Control rule means a decision criterion for judging whether an analytical run is in-control or out-of-control. It is commonly defined by a symbol of the form AL, where A is an abbreviation for a statistic or represents a number of control measurements, and L identifies the control limits, often specified as the mean plus or minus a multiple of the standard deviation (s) or sometimes by a specified probability for false rejection (Pfr). Some examples follow:
13s refers to a control rule that is commonly used with a Levey-Jennings chart when the control limits are set as the mean plus 3s and the mean minus 3s. A run is rejected when a single control measurement exceeds the mean plus 3s or the mean minus 3s control limit.
22s - reject when 2 consecutive control measurements exceed the same mean plus 2s or the same mean minus 2s control limit.
R4s - reject when 1 control measurement in a group exceeds the mean plus 2s and another exceeds the mean minus 2s.
Run, analytical run, or run length refer to the interval, which could be a period of time or group of samples, for which a decision on control status is to be made. CLIA defines a maximum run length of 24 hours for chemistry analytes and 8 hours for hematology tests. Many laboratories define a shorter period based on changes that may affect the performance of the testing process, such as changing operators, changing reagents, recalibration, or other factors that may make the process susceptible to problems. Run length varies from system to system and laboratory to laboratory. For random access automated systems, a run is usually defined as the time interval at which controls are reanalyzed. For manual systems and batch instruments, a run is often defined as a group (or batch) of samples that are all analyzed at the same time.
The idea is simple, but the application can be complicated.
First, you need to obtain control materials that are appropriate for the tests of interest and the methods in use. See QC - the Materials for a discussion of important factors, such as matrix effects, stability, vial to vial variation, assayed versus unassayed materials, analyte levels, and pre-treatment problems.
Then you must assay the selected control materials under routine operating conditions to characterize the expected measurement variation and establish the expected distribution of values. This usually involves obtaining at least 20 values and calculating the mean and standard deviation. There are a number of pitfalls from using bottle values or other estimates of the means, standard deviations, and control limits, so you need to be careful with this step. See QC - the Calculations for more information about data calculations.
Next you need to define appropriate control rules, numbers of control measurements (N), and the analytical run length. See QC - the Regulations for the legal requirements for laboratory QC. See QC - the Planning Process for a brief description of QC planning and links to other materials on this website.
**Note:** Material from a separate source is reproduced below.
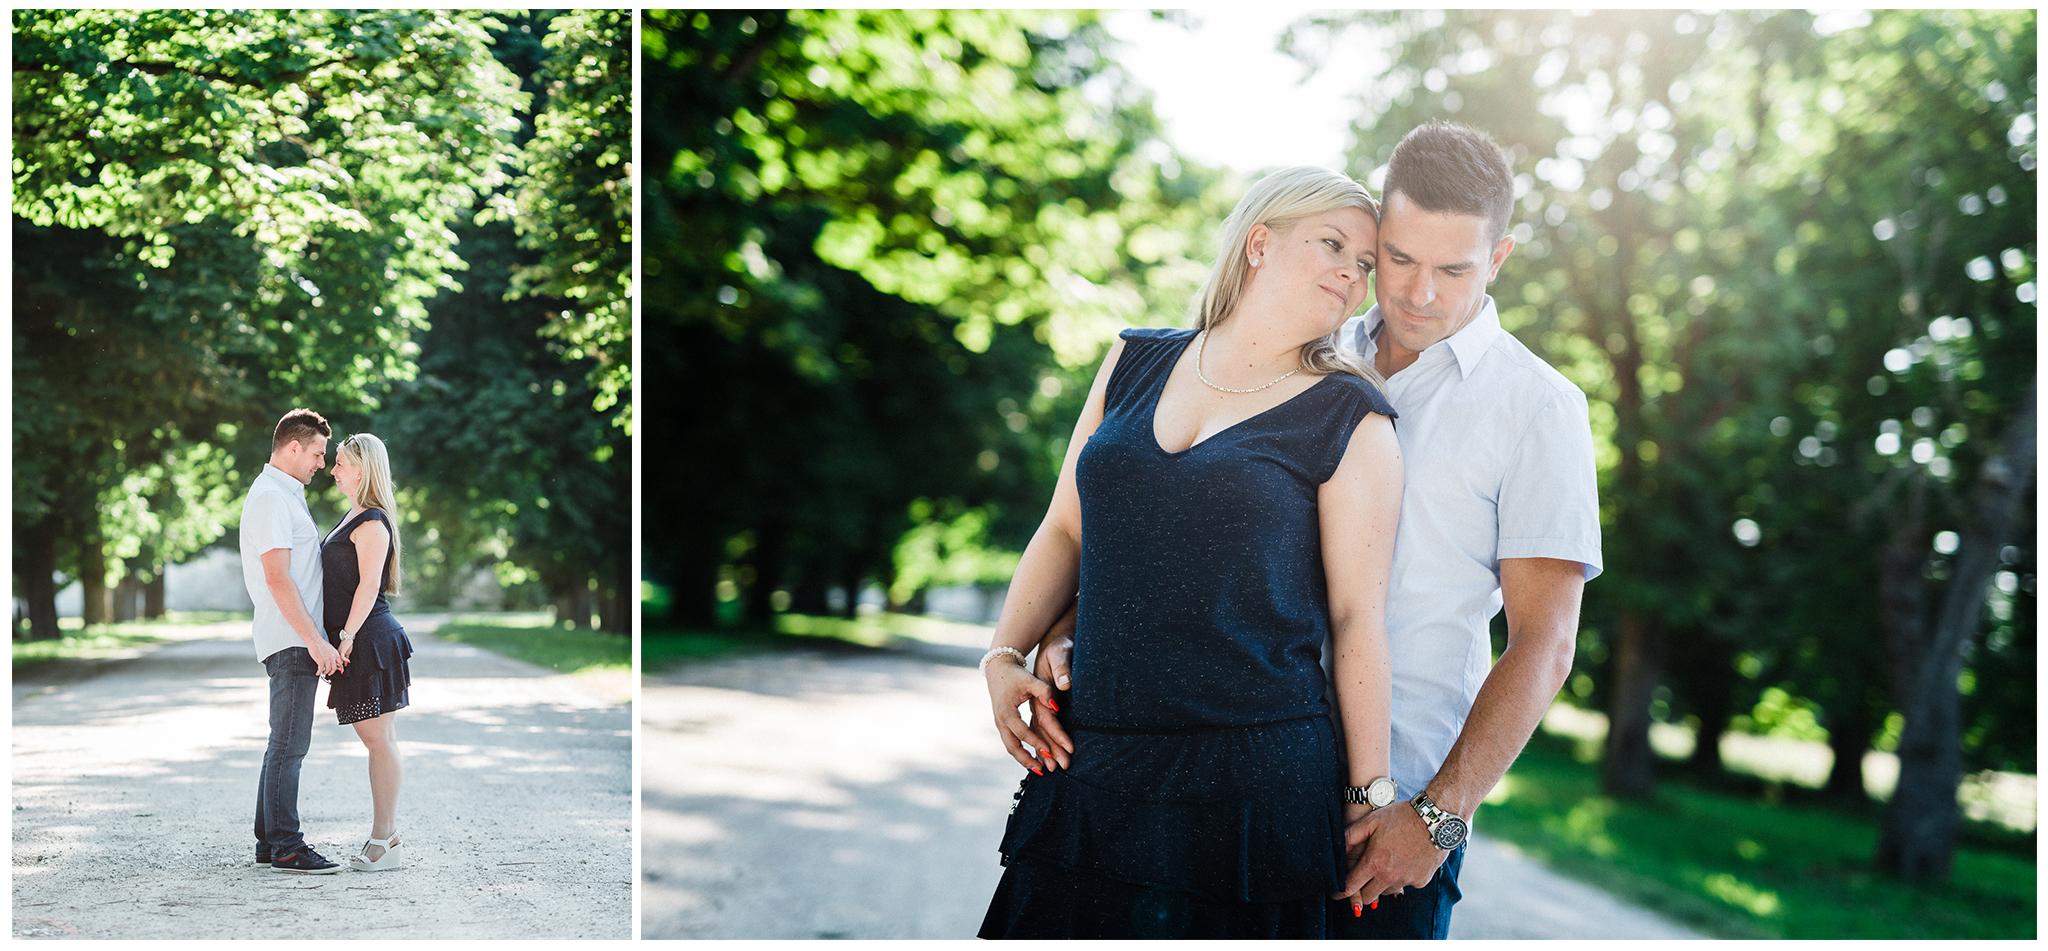 MONT_FylepPhoto, Esküvőfotós Vasmegye, Esküvő fotózás, Esküvői fotós, Körmend, Vas megye, Dunántúl, Budapest, Balaton, Fülöp Péter, Jegyes fotózás, jegyesfotó_Barb&Zoli,2018_11.jpg

You must also define how you will implement these rules and Ns - manual plotting, or computer assessment by the analyzer, a PC workstation, or a laboratory information system. For manual implementation, see QC - the Levey-Jennings Control Chart for directions on how to prepare the control chart, plot control results, and interpret control data.
Finally, you should prepare written guidelines to define the QC procedure in detail. This written document is important for teaching laboratory analysts the QC procedure and establishing a uniform practice. It is also necessary for meeting US regulatory requirements.
Now you're ready to implement QC. See QC - the Practice for a summary and review of the whole approach. See FAQs about QC for additional information about some of the nitty- gritty problems and issues with routine QC.